[DATA TO USE]:

━━━━━━━━

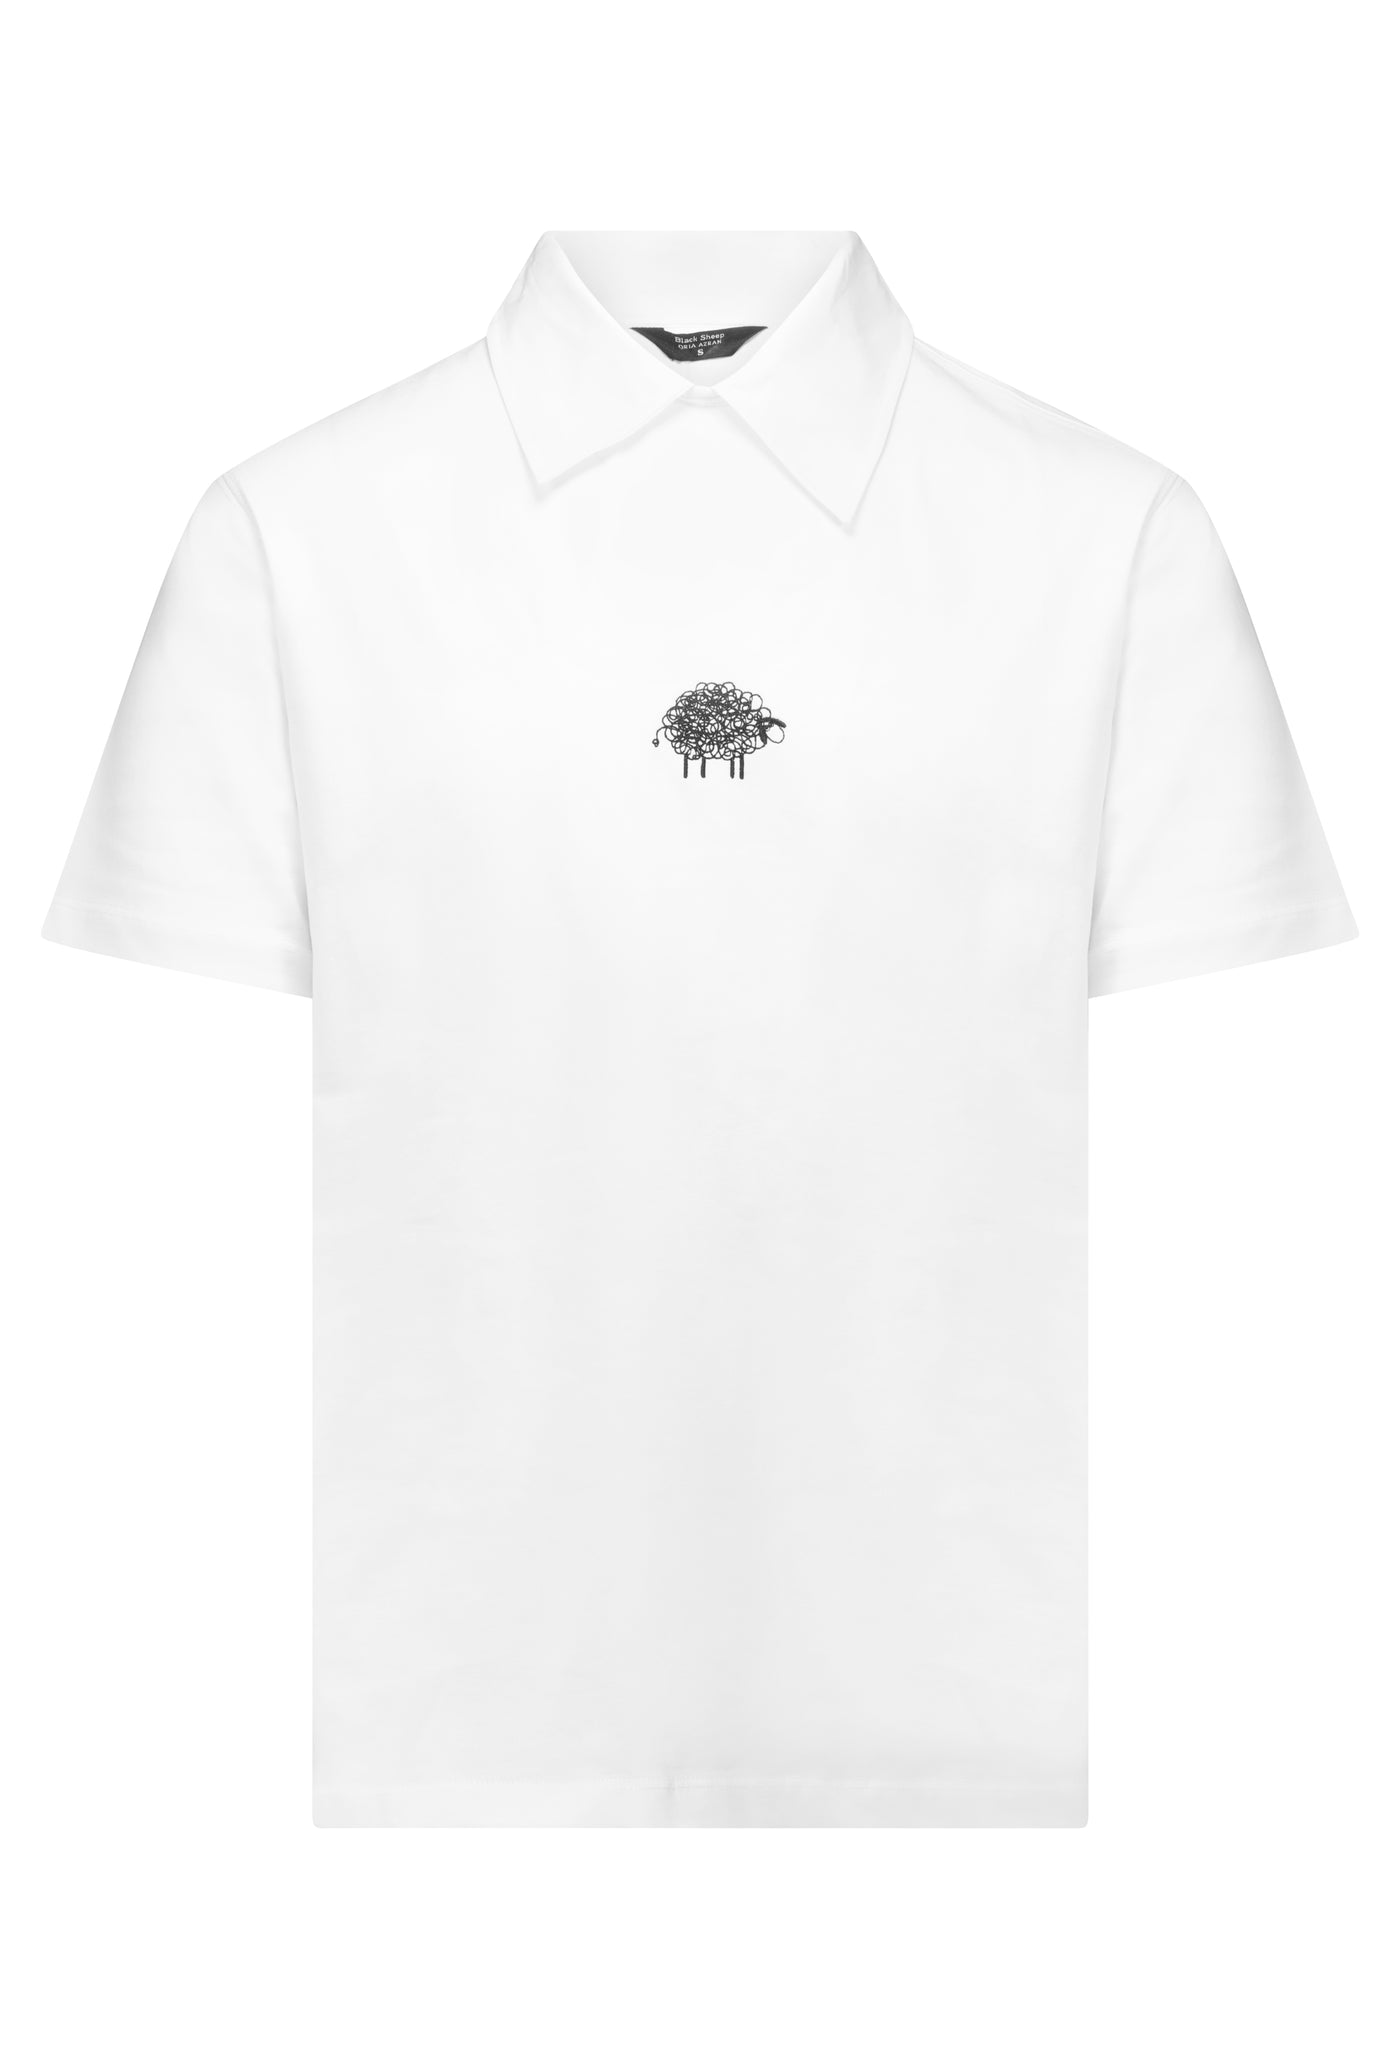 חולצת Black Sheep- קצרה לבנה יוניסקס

━━━━━━━━

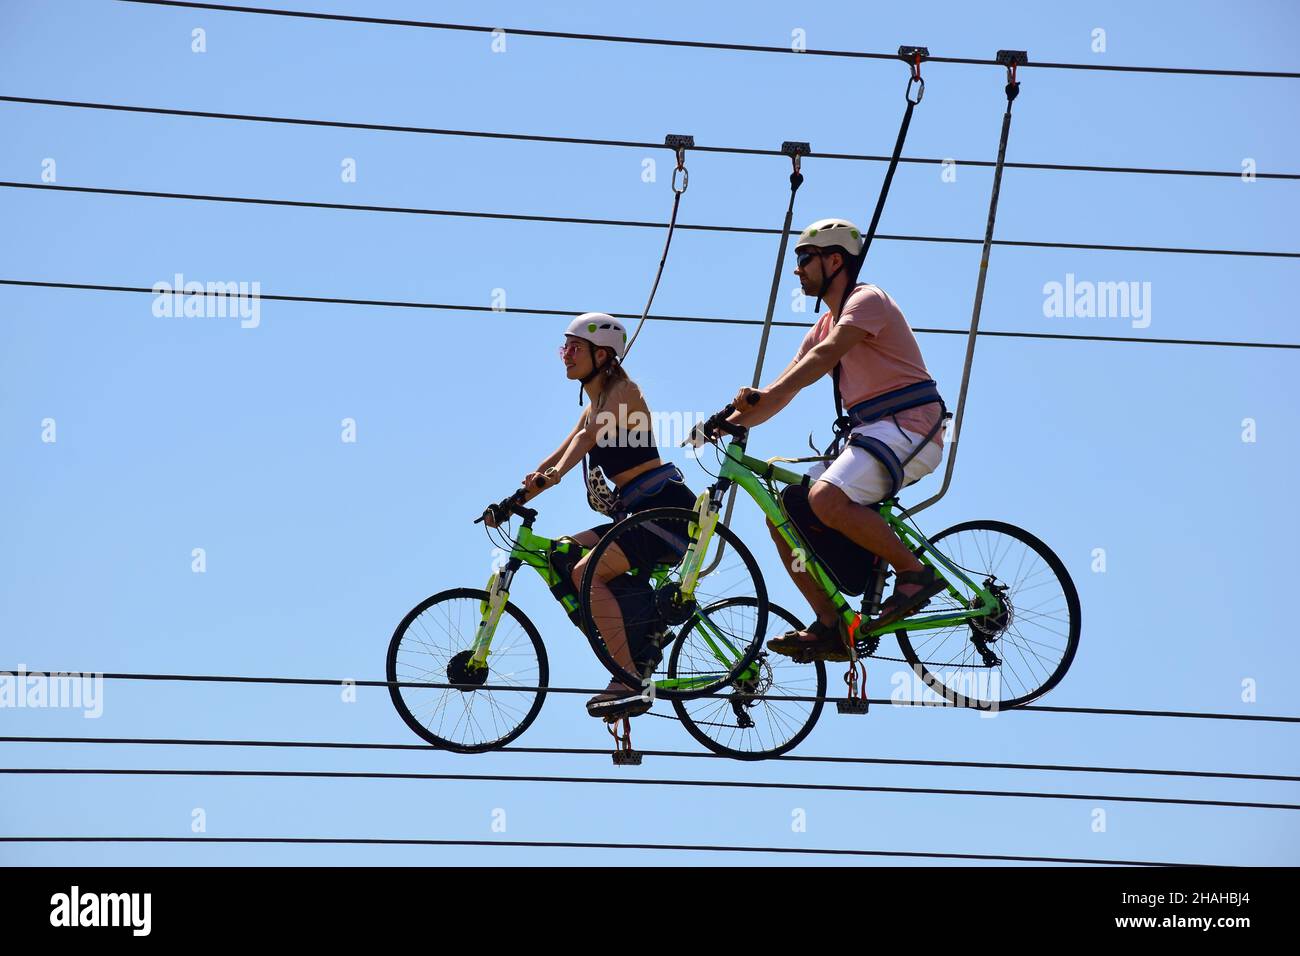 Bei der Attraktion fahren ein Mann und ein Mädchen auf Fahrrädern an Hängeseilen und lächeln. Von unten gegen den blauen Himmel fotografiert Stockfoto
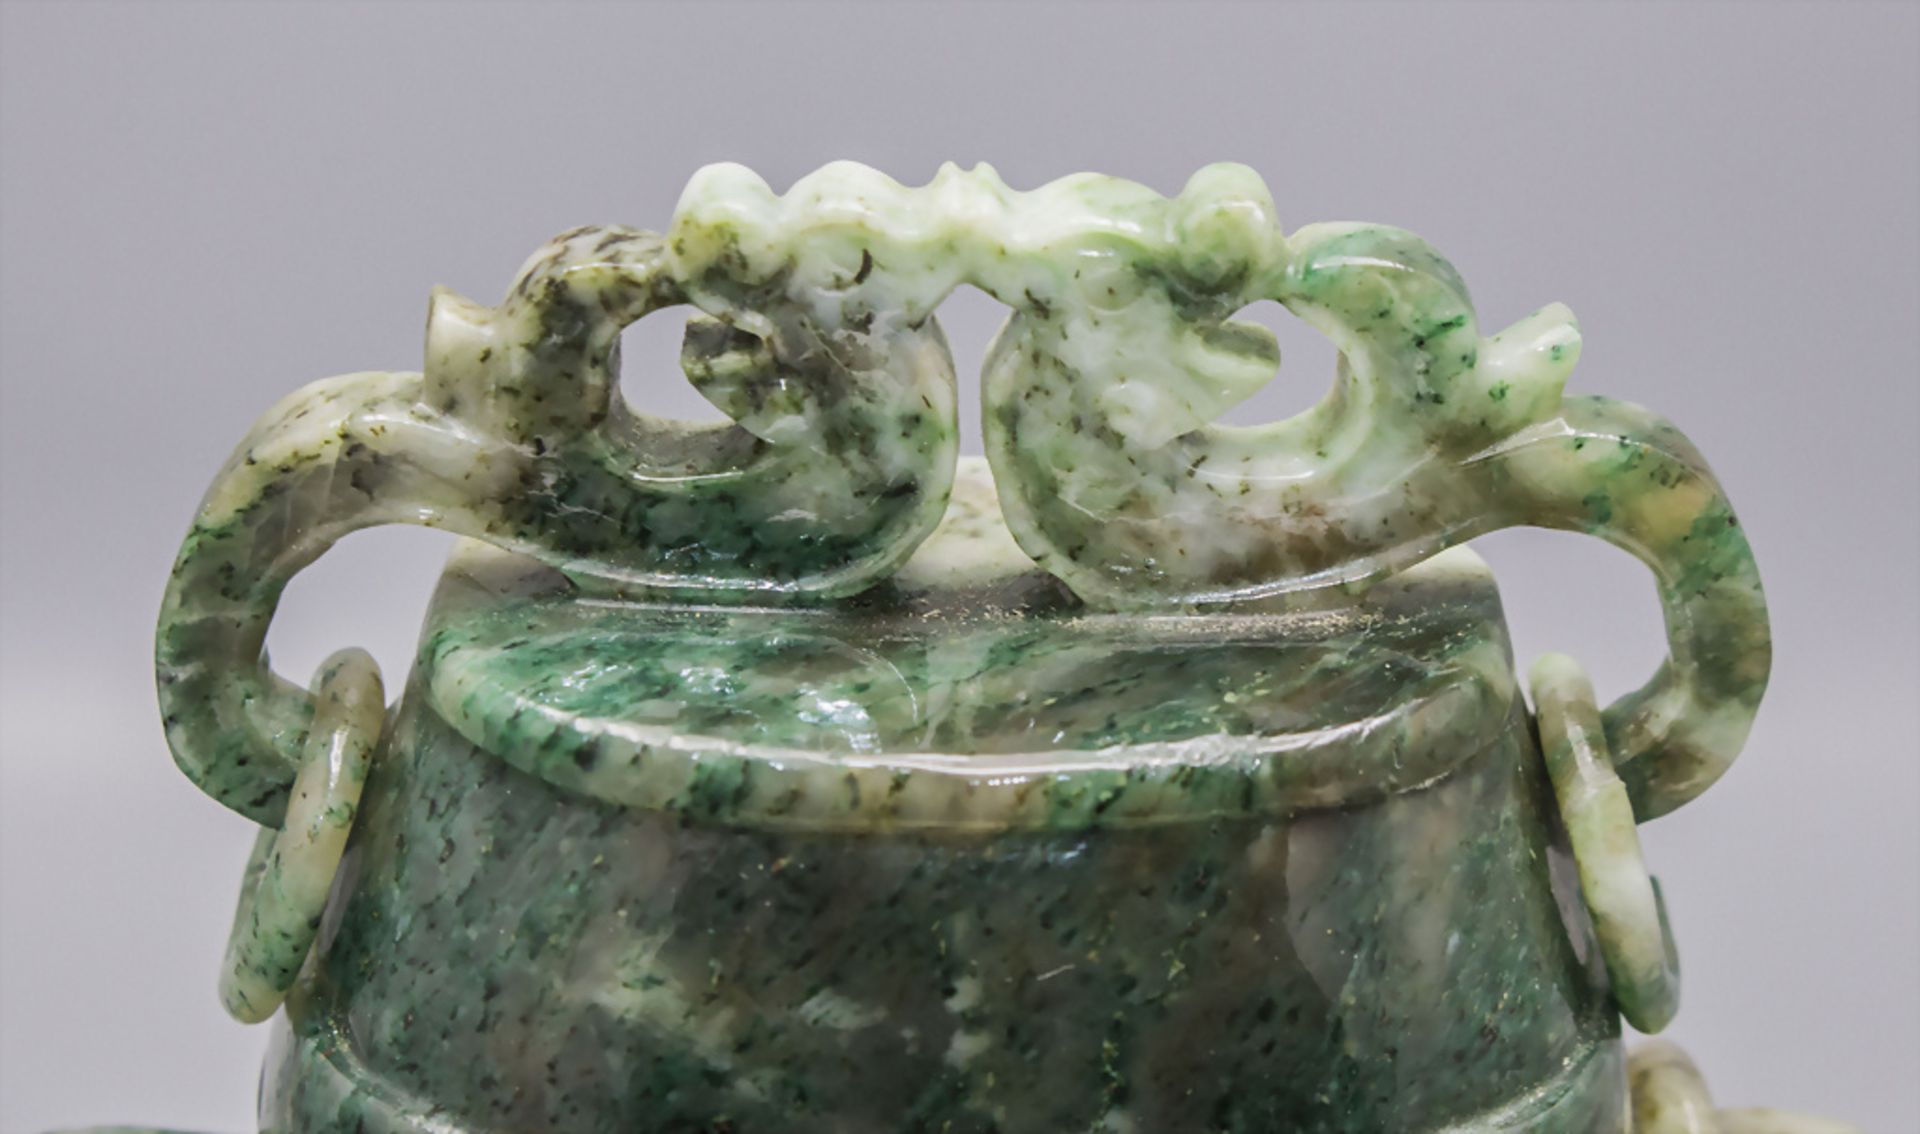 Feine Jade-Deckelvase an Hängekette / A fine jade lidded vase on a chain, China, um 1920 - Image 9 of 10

━━━━━━━━

In the records above, everything from the line with "Bei der Attraktion" down to the line with "Feine Jade-Deckelvase an" must be duplicated exactly, both lines kept. Leave no pictures in.

 Bei der Attraktion fahren ein Mann und ein Mädchen auf Fahrrädern an Hängeseilen und lächeln. Von unten gegen den blauen Himmel fotografiert Stockfoto
 Feine Jade-Deckelvase an Hängekette / A fine jade lidded vase on a chain, China, um 1920 - Image 9 of 10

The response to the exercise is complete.